The PCIJ post revealed information from a police dossier on the background of Jonathan Tiangco, an audio expert presented to dispute the authenticity of the recordings. The post described several criminal cases against Tiangco and mentioned that Tiangco had two wives. In October, Tiangco's spouse requested a temporary restraining order against PCIJ, which a lower court granted after the Philippine Supreme Court turned down her petition. The order enjoined PCIJ for 20 days from “broadcasting, publishing or posting or causing to broadcast, publish, or post articles and statements similar and related to, or connected and in conjunction with” that blog post. In its post announcing the gag order and the removal of the post, PCIJ directed its readers to look to Google if they wanted to know the deleted post's contents.

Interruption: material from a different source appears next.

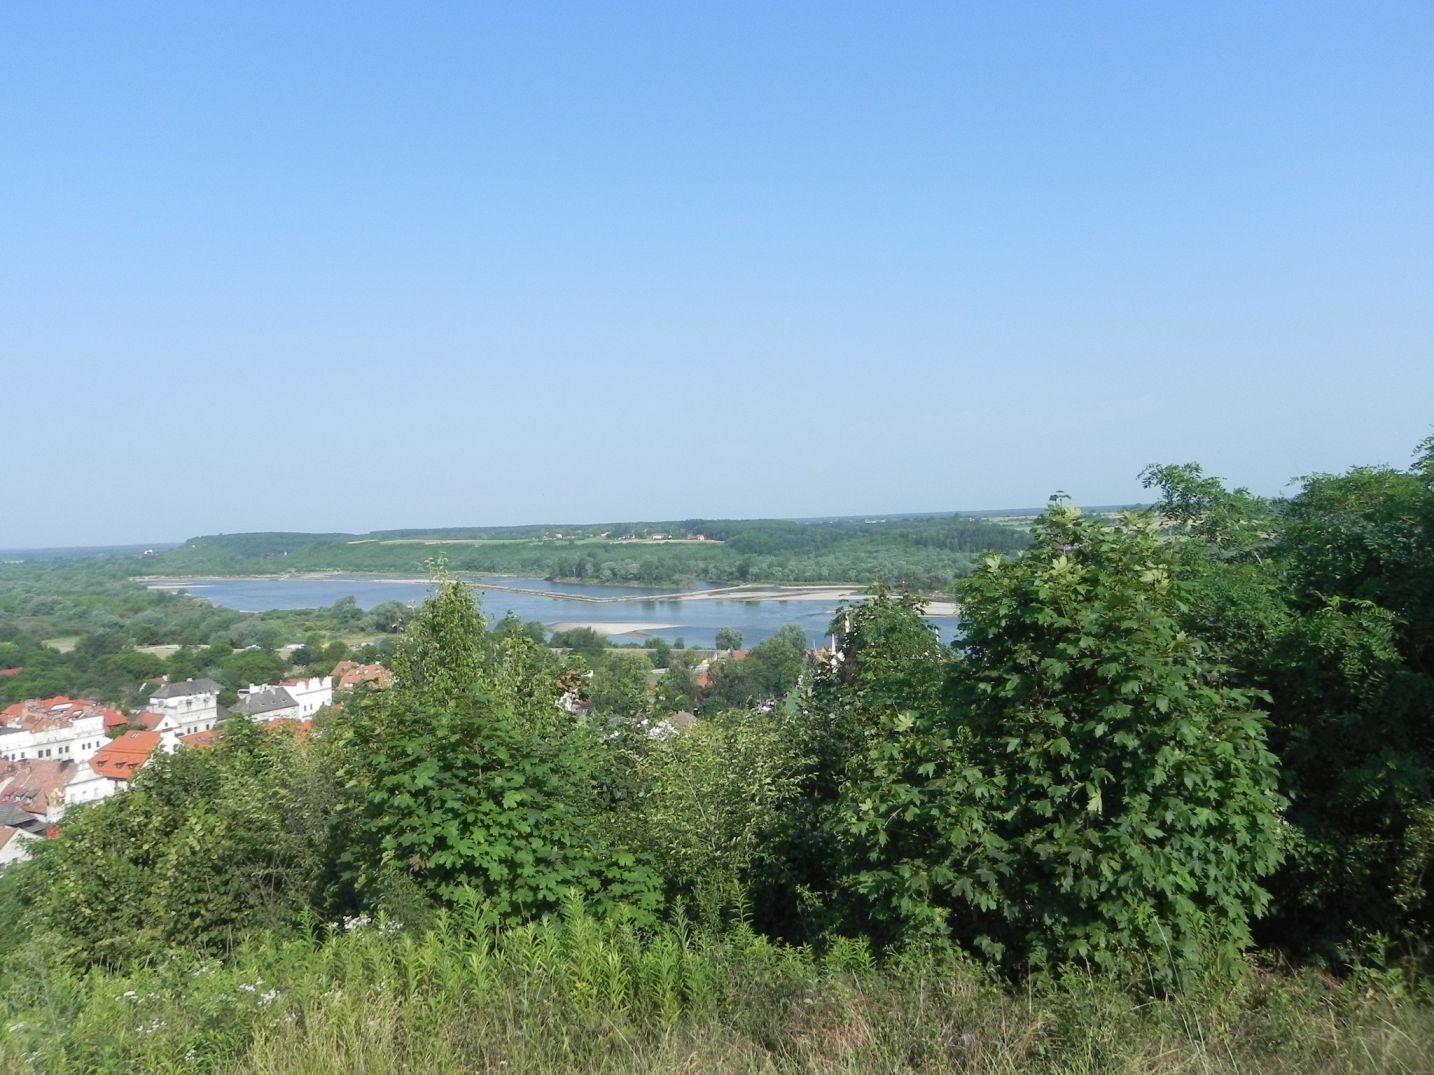 2016-06-26 Kazimierz Dolny - festiwal (44)

The action spurred much commentary across the Philippine blogosphere, particularly among its most active participants: journalist-bloggers and lawyer-bloggers. Media blogger Jove Francisco fretted that the court action could frustrate efforts by both the local mainstream media and bloggers to police themselves, while columnist-blogger Dean Jorge Bocobo calculated that the Tiangco action will end up where most libel suits in the Philippines go: dead in the water. Law professor-blogger Edwin Laceirda launched an email-writing campaign. Journalist-blogger Manuel L. Quezon III called for full support of PCIJ. Sassy Lawyer isn't so sure, pointing out that the PCIJ backgrounder on Tiangco didn't have to mention his marital arrangements:
[I]f you must write to the Supreme Court regarding this issue, then write you must. We all want to see the right to freedom of expression upheld. But neither should we triviliaze Rona Tiongco’s right to privacy. If we do that, we triviliaze our own right to privacy.
Other bloggers wondered about the reach of the order. Technology blogger yuga asked: “What if every other Filipino blogger re-posts the entry in their respective blogs?” Some already have. Another intriguing and potentially far-reaching question: In directing blog readers to a Google cache, did PCIJ violate its obligation to refrain from “causing to broadcast, publish, or post articles and statements similar and related to, or connected and in conjunction with” the post? Law professor J.J. Disini thinks there is an argument that it did.